TASK PROMPT – Look through the data that follows and say how many of its lines contain "Goodwin", giving the number only.

SUPPLIED MATERIAL –

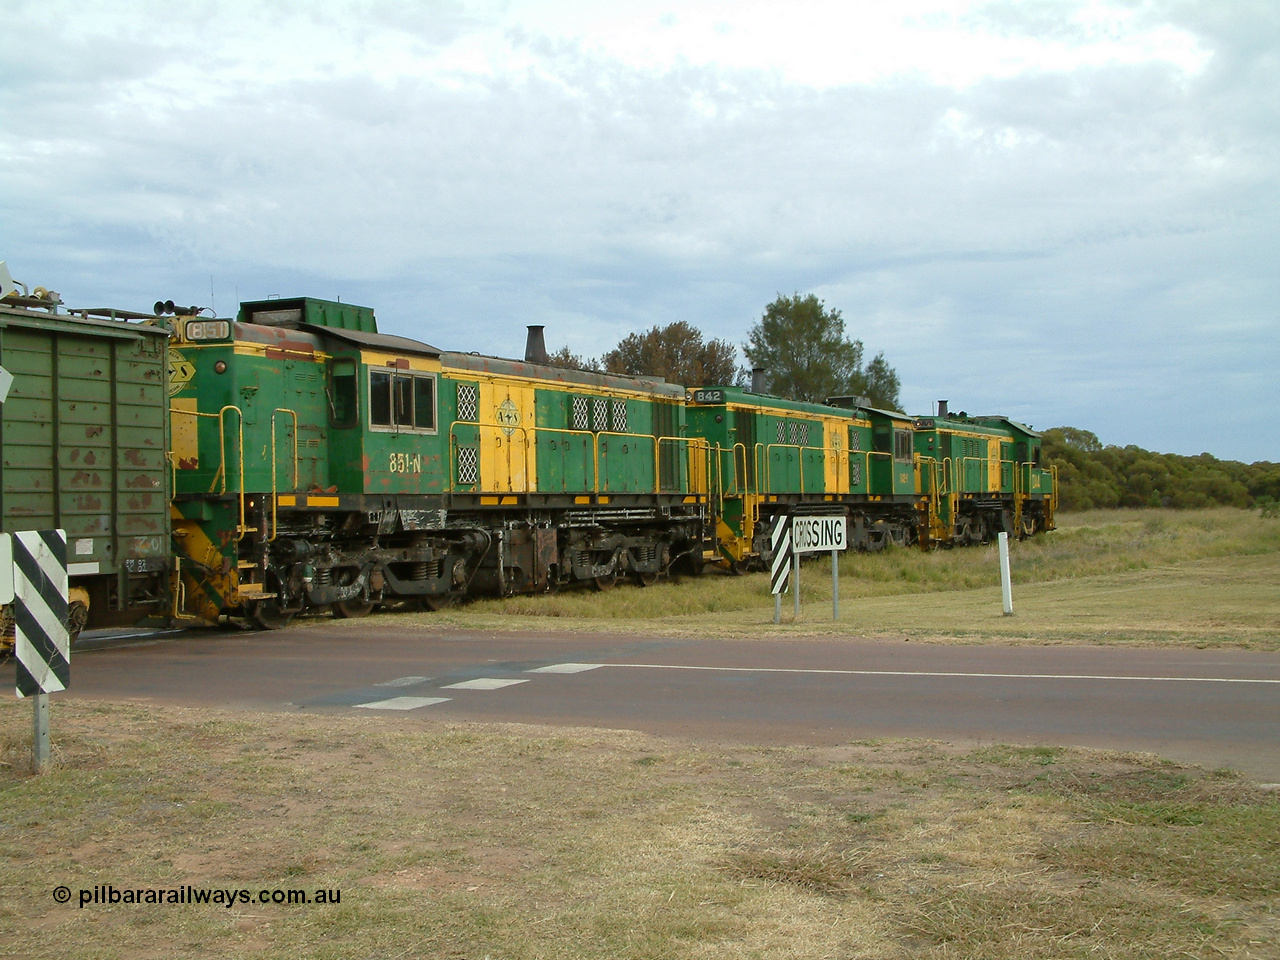 030407 082730
Wudinna, empty grain train shunts back across Gooch Tce grade crossing with a trio of former Australian National locomotives with rebuilt former AE Goodwin ALCo model DL531 830 class ex 839, serial 83730, rebuilt by Port Augusta Workshops to DA class, DA 4 leading two AE Goodwin ALCo model DL531 830 class units 842, serial 84140 and 851 serial 84137, 851 having been on the Eyre Peninsula since delivered in 1962. 7th April 2003.
Keywords: 830-class;851;84137;AE-Goodwin;ALCo;DL531;

SOLUTION FOR THIS EXERCISE – 2